Ivy League and other elite institutions will be relatively unaffected, because they’re selling a product that’s always scarce and never cheap: prestige. Small liberal arts colleges will also endure, because the traditional model—teachers and students learning together in a four-year idyll—is still the best, and some people will always be willing and able to pay for it.

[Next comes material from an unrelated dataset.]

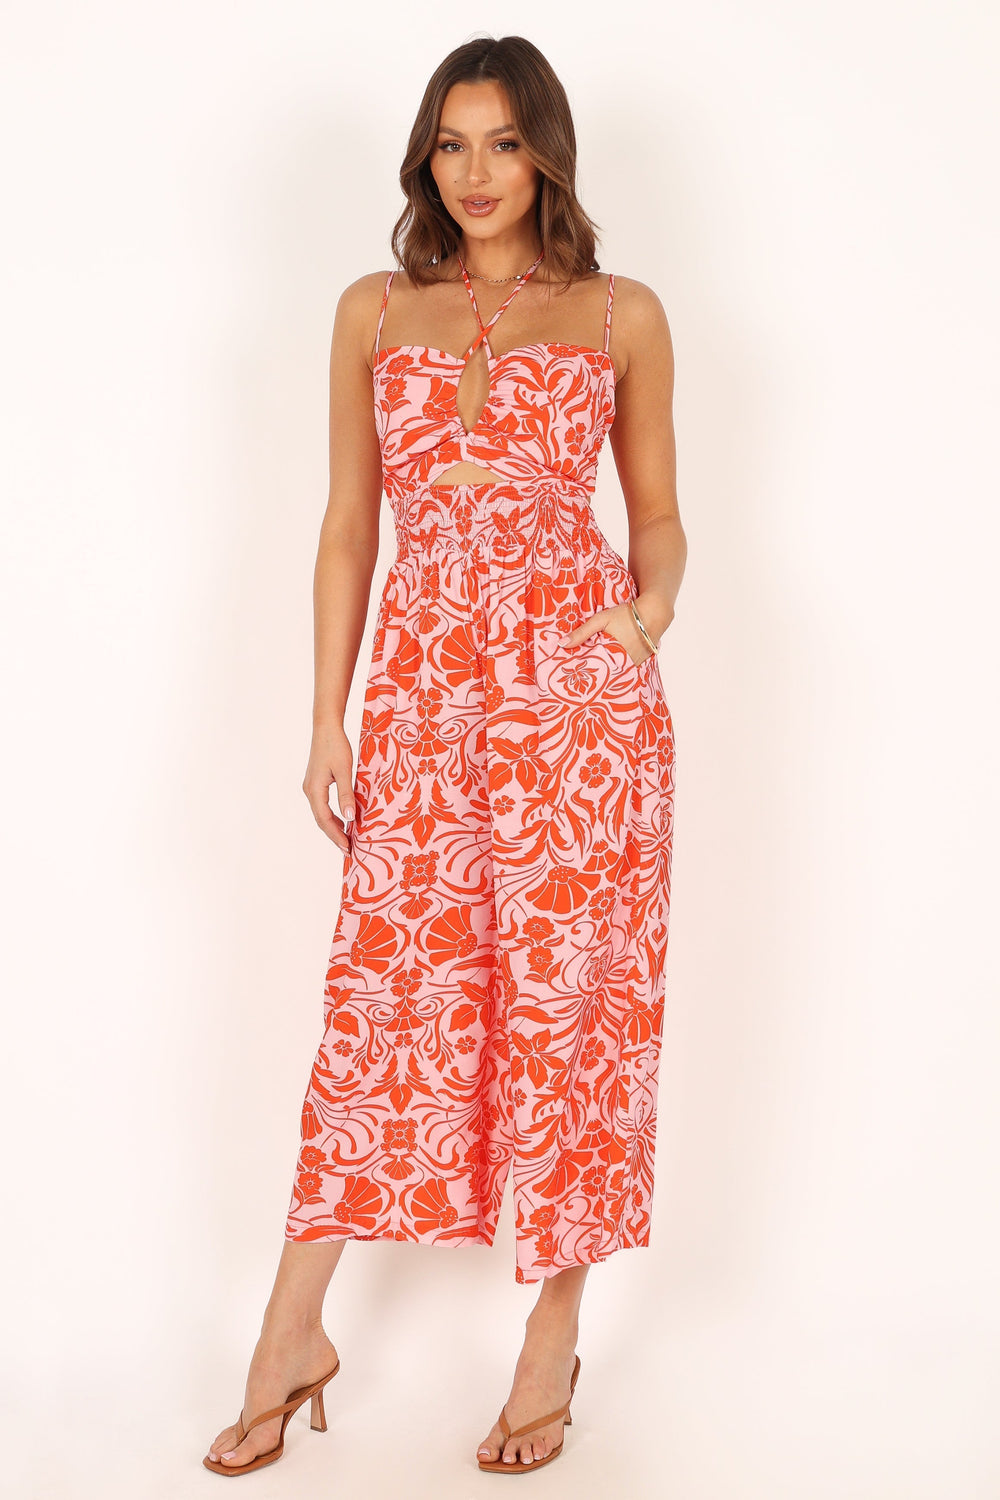 Petal and Pup USA Rompers Sydney Halter Jumpsuit - Coral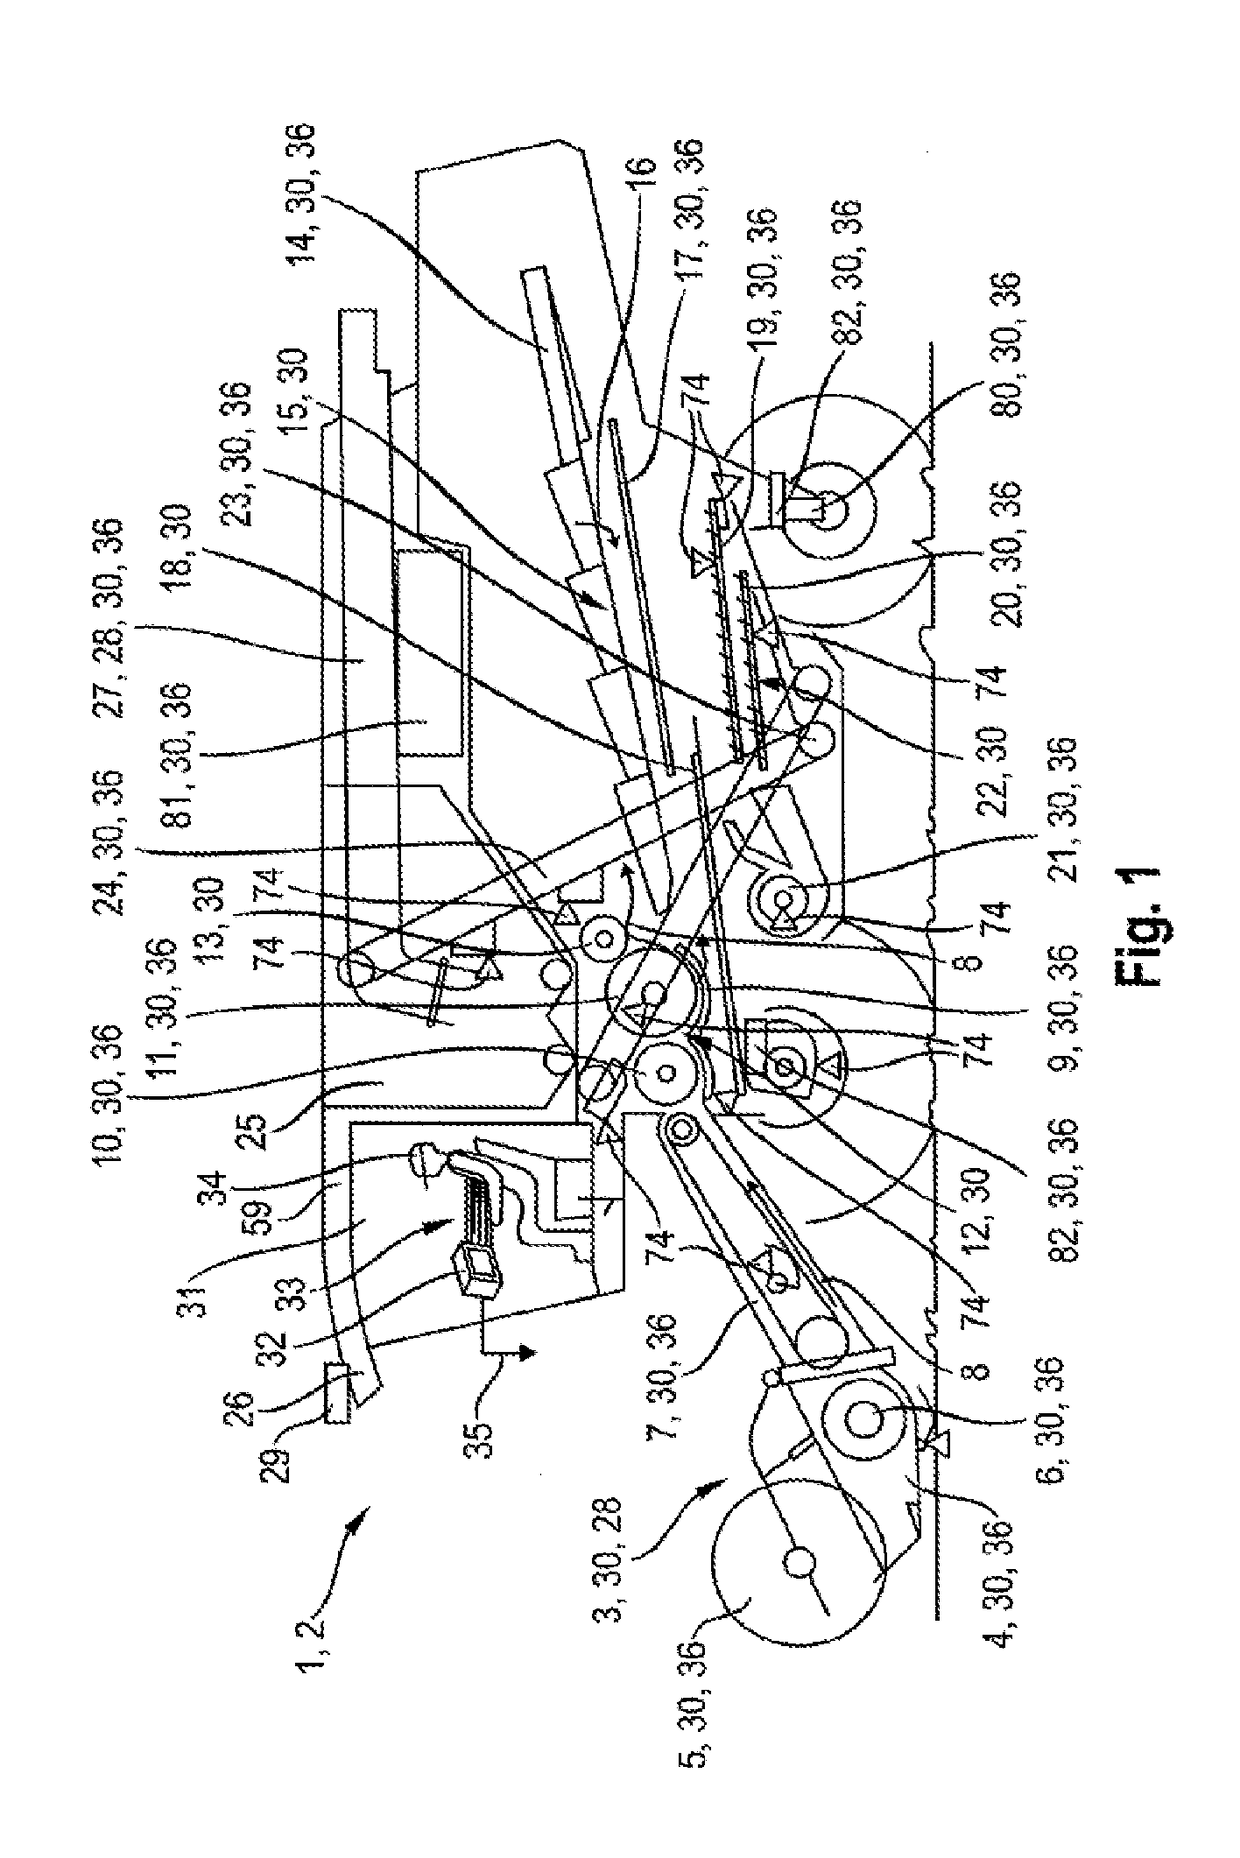 Surroundings detection device for agricultural work machines

That's right! The rich kids will get to keep their decent educations - reallycheapdiplomas.com will more than suffice for working class kids, right?

Comments

1

Thanks for writing this piece, I think you've really nailed this one. Walmart U isn't going to do anything for the for-profit education sector. Who is going to pay $40K for a degree from Walmart? And while they claim they will offer low prices, it doesn't matter if you pay $10 or $1000 if what you are buying is worthless - it can never be a good deal. You cannot move from selling shampoo and diapers to higher education - it is completely illogical. It's unfortunate that Walmart's lowly paid employees are probably going to see this as their only option. It remains to be seen if their employees could even afford Walmart's tuition. There are plenty of great options out there for students who need flexibility in an online program and who want a degree that means something to employers. We work with a handful of great online schools who value student input and design challenging curriculum. It's true that many online colleges use adjunct faculty but the best maintain a core of full-time faculty to oversee curriculum and student success strategies. Again thanks for writing about this important issue in higher education!